Personalized Depression Therapy Also Curbs Anxiety

Serious-Mental-Illness
Teen girl having anxiety attack and being depressed. Mental health problems concept. Vector illustration.
To learn more about the impact of depression therapy on anxiety symptoms, researchers conducted a randomized controlled clinical trial with teenagers to compare the results of personalized depression therapy to a program that does not match their risk factors.

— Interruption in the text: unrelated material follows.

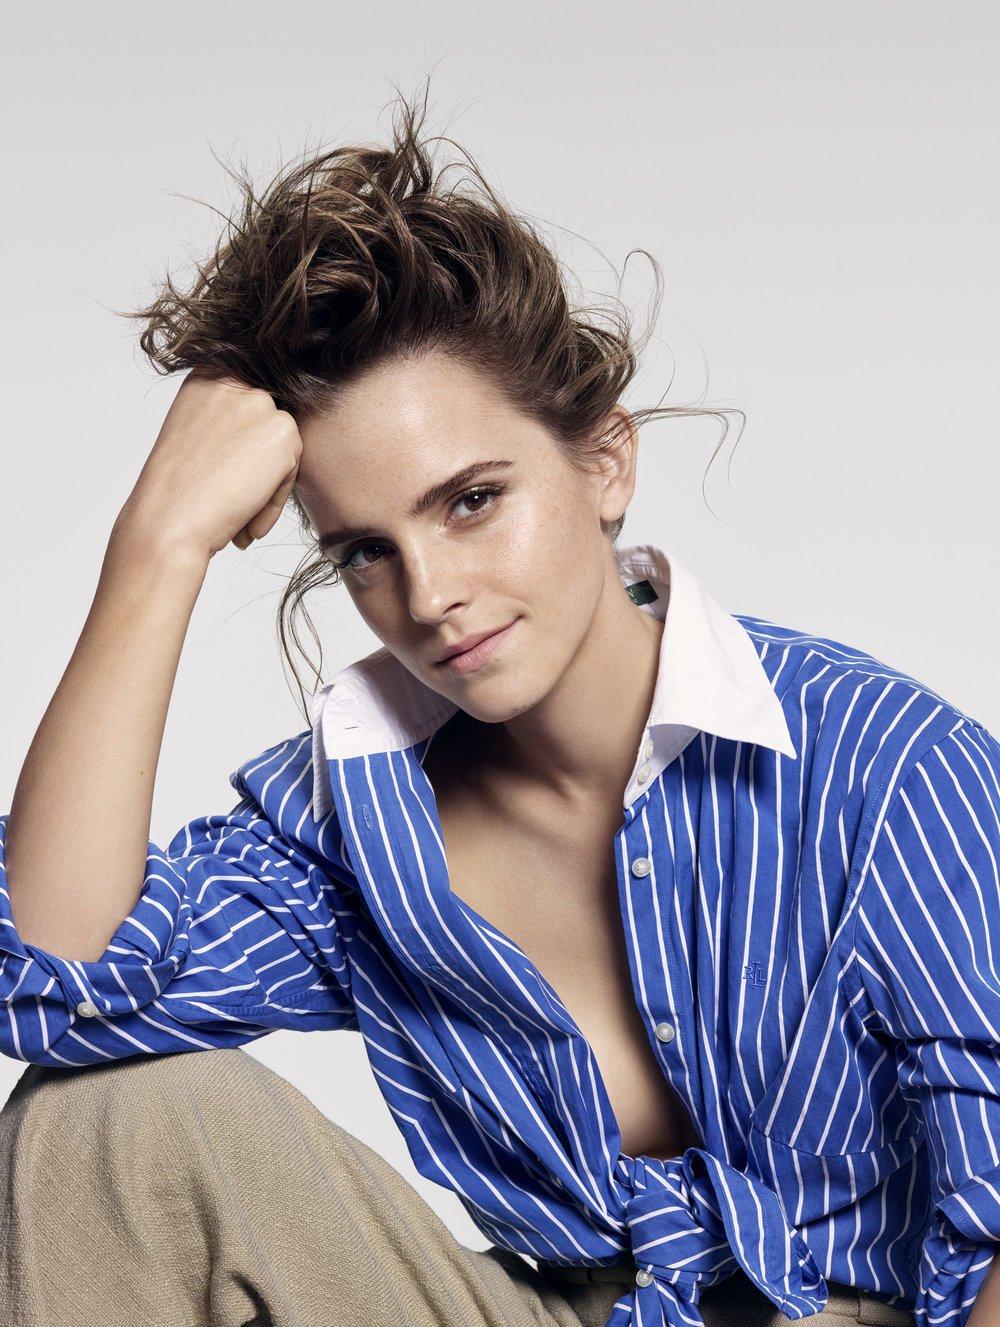 Emma Watson Bisexual

Depression and anxiety often occur together. However, until recently, few studies have examined the impact of depression therapy on anxiety symptoms.

To learn more, a group of researchers conducted a randomized controlled clinical trial in teenagers to compare the results of personalized depression therapy to a program that does not match their risk factors. Results were published in the journal Behavioral Research and Therapy.

Using data from the Personalized Depression Prevention (PDP) study, the researchers evaluated outcomes on personalized depression therapy through 18 months. Participants included 204 adolescents in grades 6 through 12 who lived in New Jersey or Colorado without major depressive disorder, bipolar disorder, or psychosis. They dived them into high cognitive-low interpersonal risk or low cognitive-high interpersonal risk groups. Participants received therapy tailored to either interpersonal skills or coping with stress. Some were paired to a group that fit their vulnerabilities, while others were mismatched.

During the program, anxiety symptoms of participants in both groups improved, though mismatched youth showed greater improvements in anxiety than mismatched. But during the 18-month follow-up period, the opposite occurred. Teenagers matched to the right program for them showed a continued decrease in anxiety symptoms while mismatched youth’s symptoms increased. “Perhaps it is only after completing the prevention programs that youth have acquired the requisite knowledge and skills to prevent or manage the cognitive and interpersonal risks and, in turn, experience a reduction in symptoms,” researchers said.

The small sample size affected overall statistical power. Also, because the study did not include participants with elevated symptoms, the results may not apply to all groups.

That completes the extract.